▶ Data section

+---+

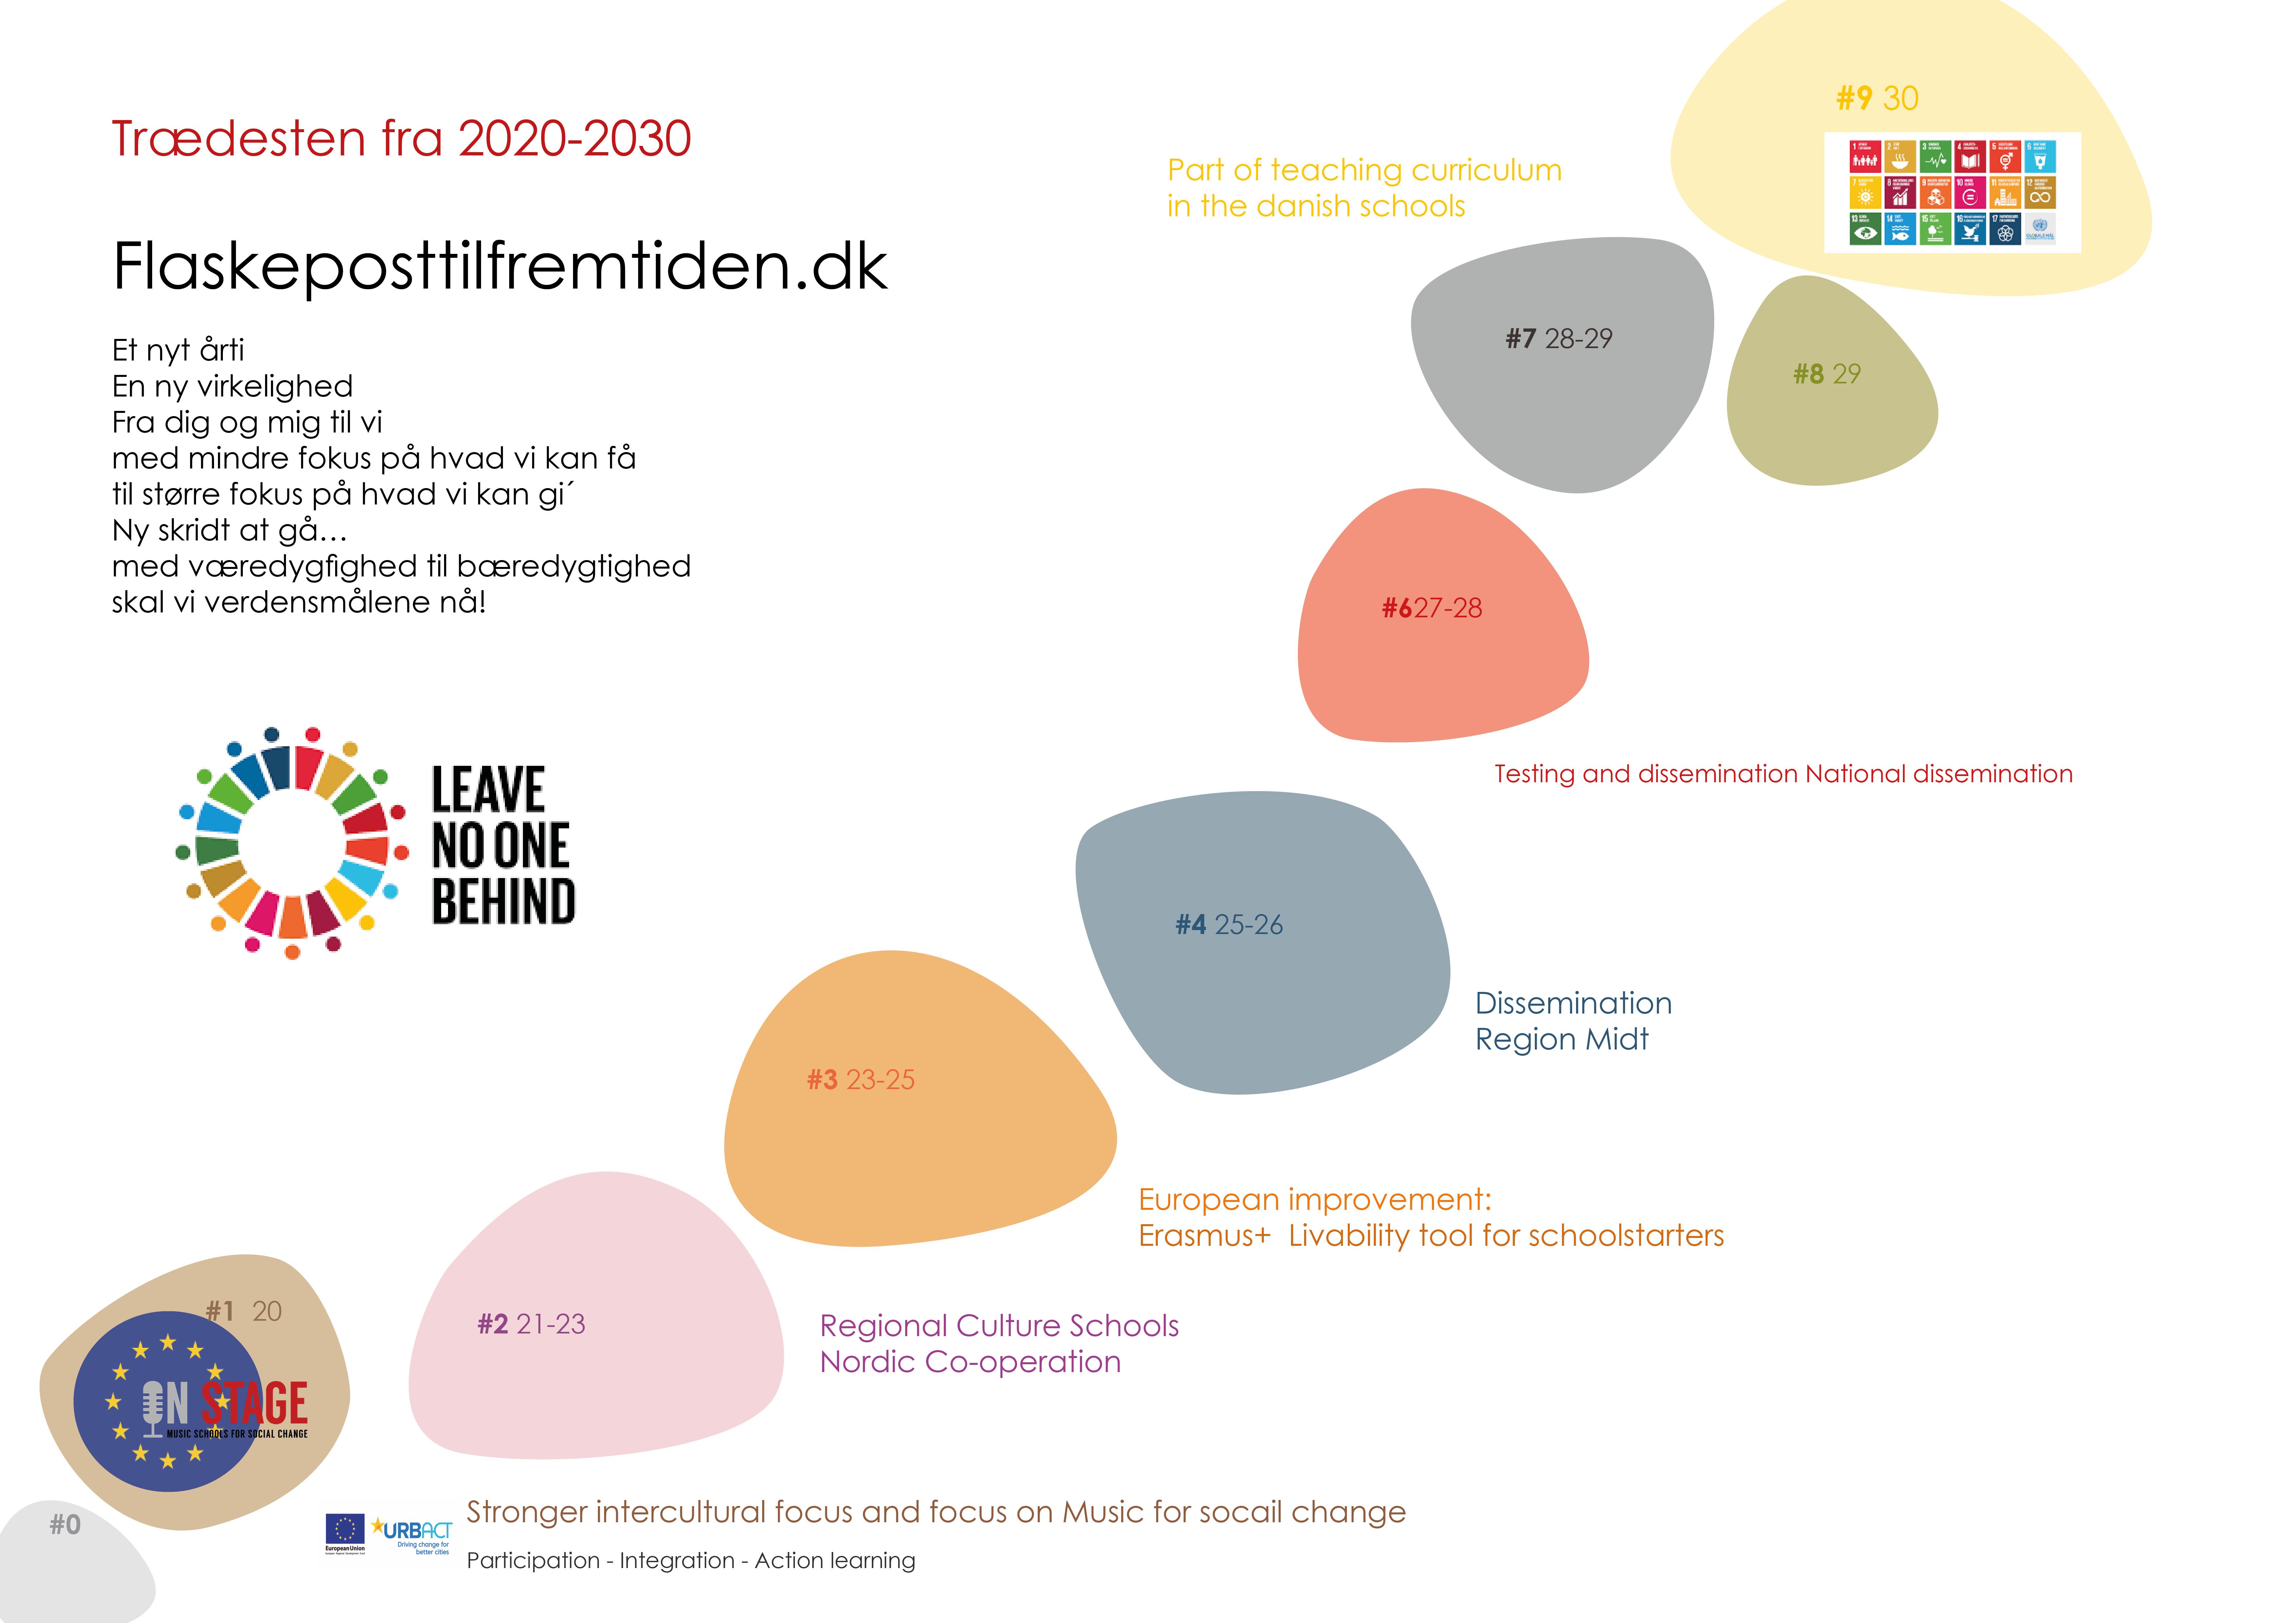 Trædesten 2020-2030
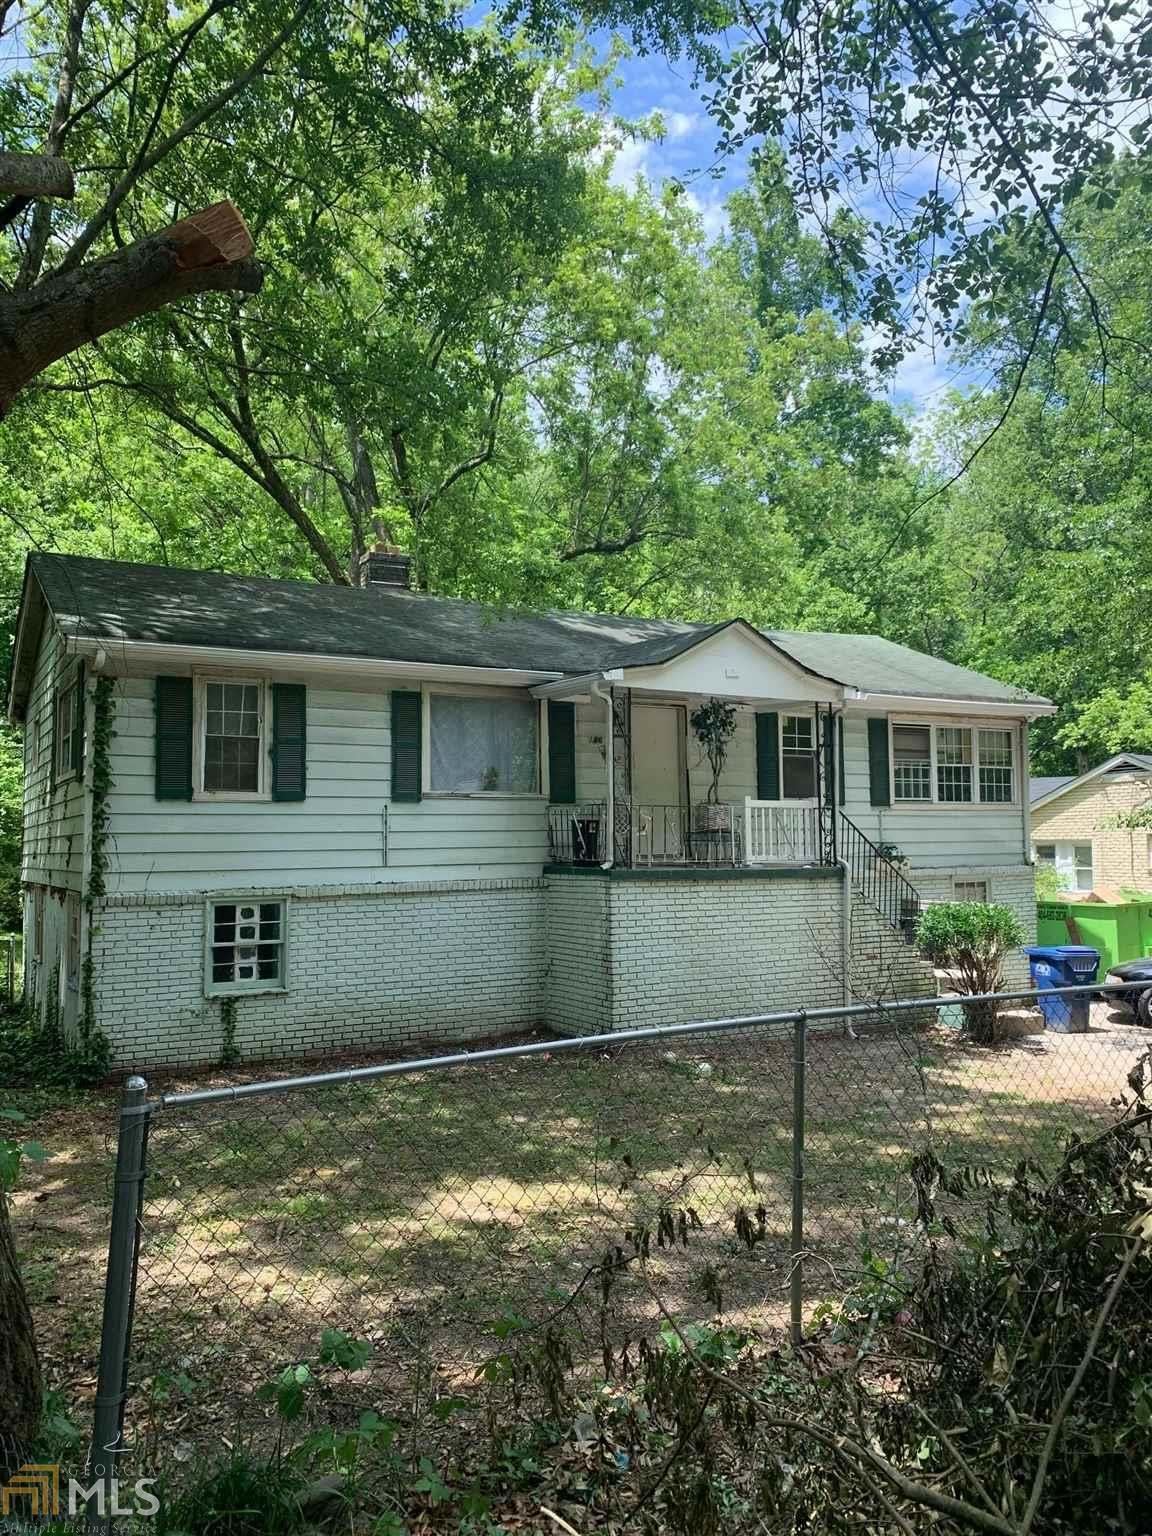 196 Wadley St, Atlanta, GA 30314 - #: 8787377
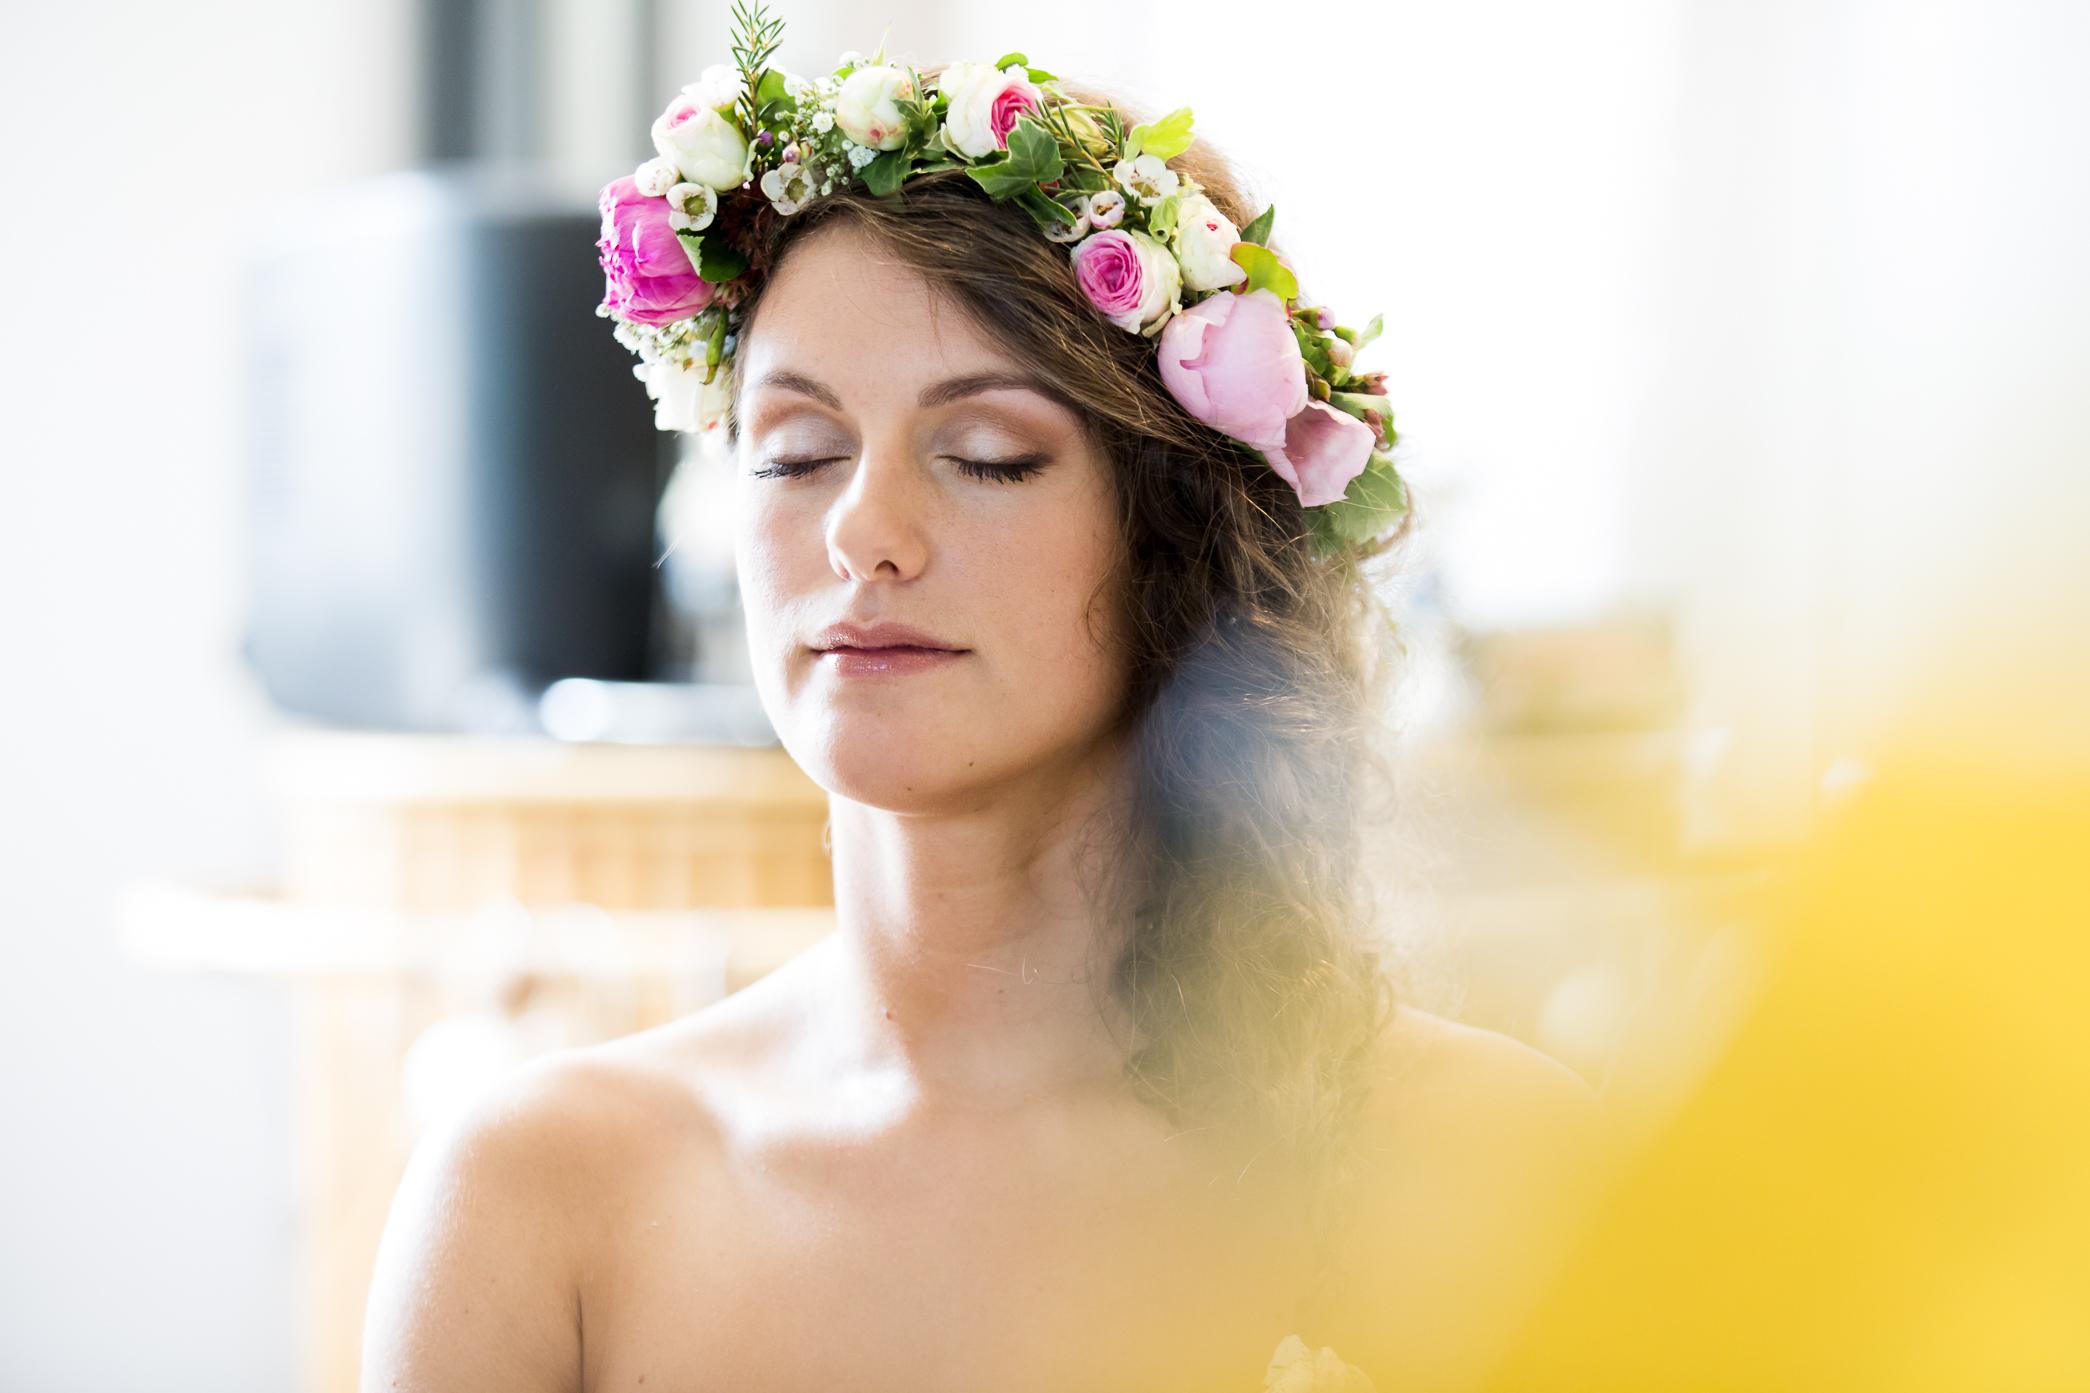 photographe-mariage-oise-clos-barisseuse-senlis-lamorlaye-gouvieux-keith-flament-5

+---+

▶ Problem requirements
Pictures stay out; everything else in the listing above is to be repeated exactly.

▶ Solution below
 Trædesten 2020-2030
 196 Wadley St, Atlanta, GA 30314 - #: 8787377
 photographe-mariage-oise-clos-barisseuse-senlis-lamorlaye-gouvieux-keith-flament-5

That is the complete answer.